Global News Digest

arXiv

TAPS: Target-Aware Prefix Tree Selection for Diffusion-Drafted Speculative Decoding

Title: TAPS: Target-Aware Prefix Tree Selection for Diffusion-Drafted Speculative Decoding

Original: arXiv:2606.00487v1 Announce Type: new Abstract: Using a diffusion model for parallel drafting is a promising approach for speculative decoding. By predicting tokens at multiple future positions in a single forward pass, diffusion drafters substantially reduce drafting latency. However, this shifts the bottleneck to verification: verifying a single sequence limits acceptance length, while verifying large draft trees incurs excessive target-model latency. We identify a key mismatch in existing draft-tree methods: existing diffusion-tree methods rank nodes by the marginal probability, ignoring that verification is prefix-conditioned. As a result, they may verify unreachable descendants of rejected prefixes, increasing latency with limited acceptance gains. To address this, we propose TAPS, a target-aware prefix selection method that turns diffusion marginals into path-conditioned acceptance estimates. TAPS then selects a compact prefix-closed subtree under a fixed verification budget, improving the acceptance-cost tradeoff rather than simply expanding the draft tree. Experiments across diverse datasets and model families demonstrate that TAPS achieves up to 7.9x lossless end-to-end speedup over vanilla autoregressive decoding, outperforming state-of-the-art DFlash and DDTree by 1.36x and 1.74x respectively. Our work is available at https://anonymous.4open.science/r/TAPS-EMNLP2026-53DD

Rewrite:

Abstract: Leveraging diffusion models for parallel drafting presents a compelling strategy for speculative decoding. These diffusion-based drafters significantly cut down drafting latency by forecasting tokens across various future positions within a single forward pass. Nevertheless, this efficiency gain relocates the primary bottleneck to the verification stage. Specifically, the verification of a single sequence restricts the length of accepted tokens, whereas the verification of extensive draft trees imposes a heavy computational load on the target model.

We highlight a critical flaw in current draft-tree methodologies: existing diffusion-tree approaches prioritize nodes based on marginal probability, overlooking the fact that verification is inherently prefix-conditioned. Consequently, these methods often end up verifying descendants that cannot be reached if earlier prefixes are rejected, thereby inflating latency without proportional improvements in acceptance rates.

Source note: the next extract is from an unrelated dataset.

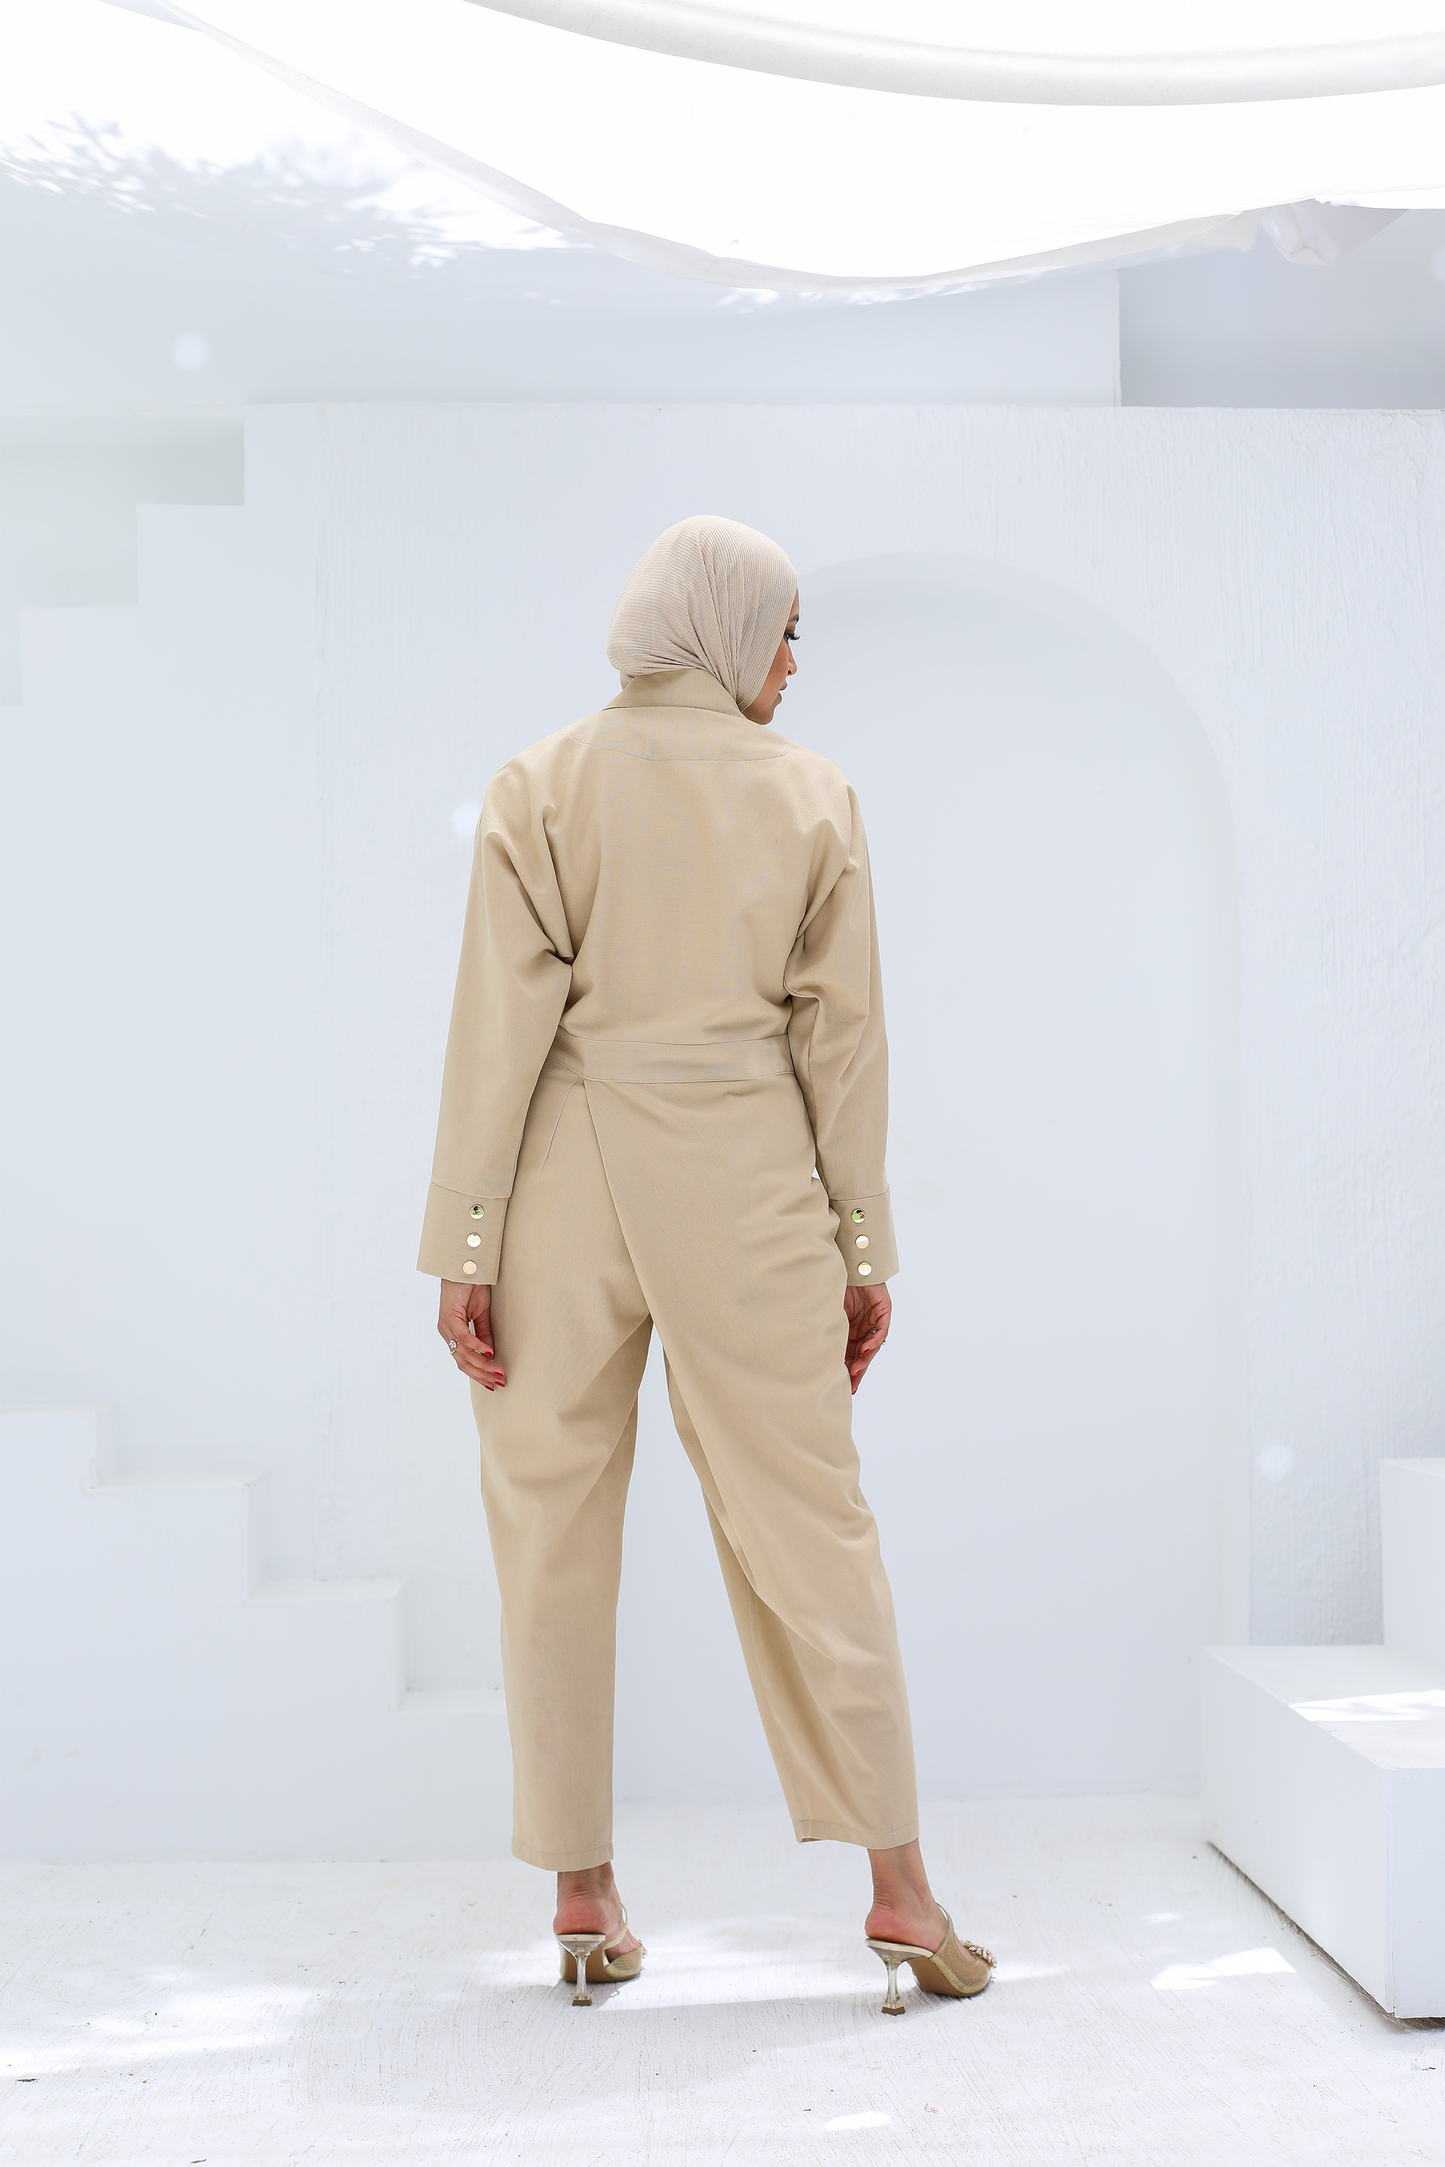 The Asymmetrical Linen Jumpsuit

To resolve this issue, we introduce TAPS (Target-Aware Prefix Selection), a novel method that transforms diffusion marginals into acceptance estimates conditioned on the specific path taken. TAPS identifies a compact, prefix-closed subtree that adheres to a predefined verification budget. This approach optimizes the balance between acceptance rates and computational cost, rather than merely aiming to maximize the size of the draft tree.

Our empirical evaluations, conducted across a wide range of datasets and model architectures, show that TAPS delivers a lossless end-to-end speedup of up to 7.9x compared to standard autoregressive decoding. Furthermore, it surpasses current state-of-the-art methods, DFlash and DDTree, by factors of 1.36x and 1.74x, respectively. The research is accessible at https://anonymous.4open.science/r/TAPS-EMNLP2026-53DD


Source: arXiv Generated at: 2026-06-02 00:00:00 UTC

Related Articles

Schroders Renewable Unit Targets AI Assets as Power Demand Soars
Bloomberg

Schroders Renewable Unit Targets AI Assets as Power Demand Soars

Schroders’ renewable unit targets AI infrastructure, pivoting to meet soaring energy demand from artificial intelligence...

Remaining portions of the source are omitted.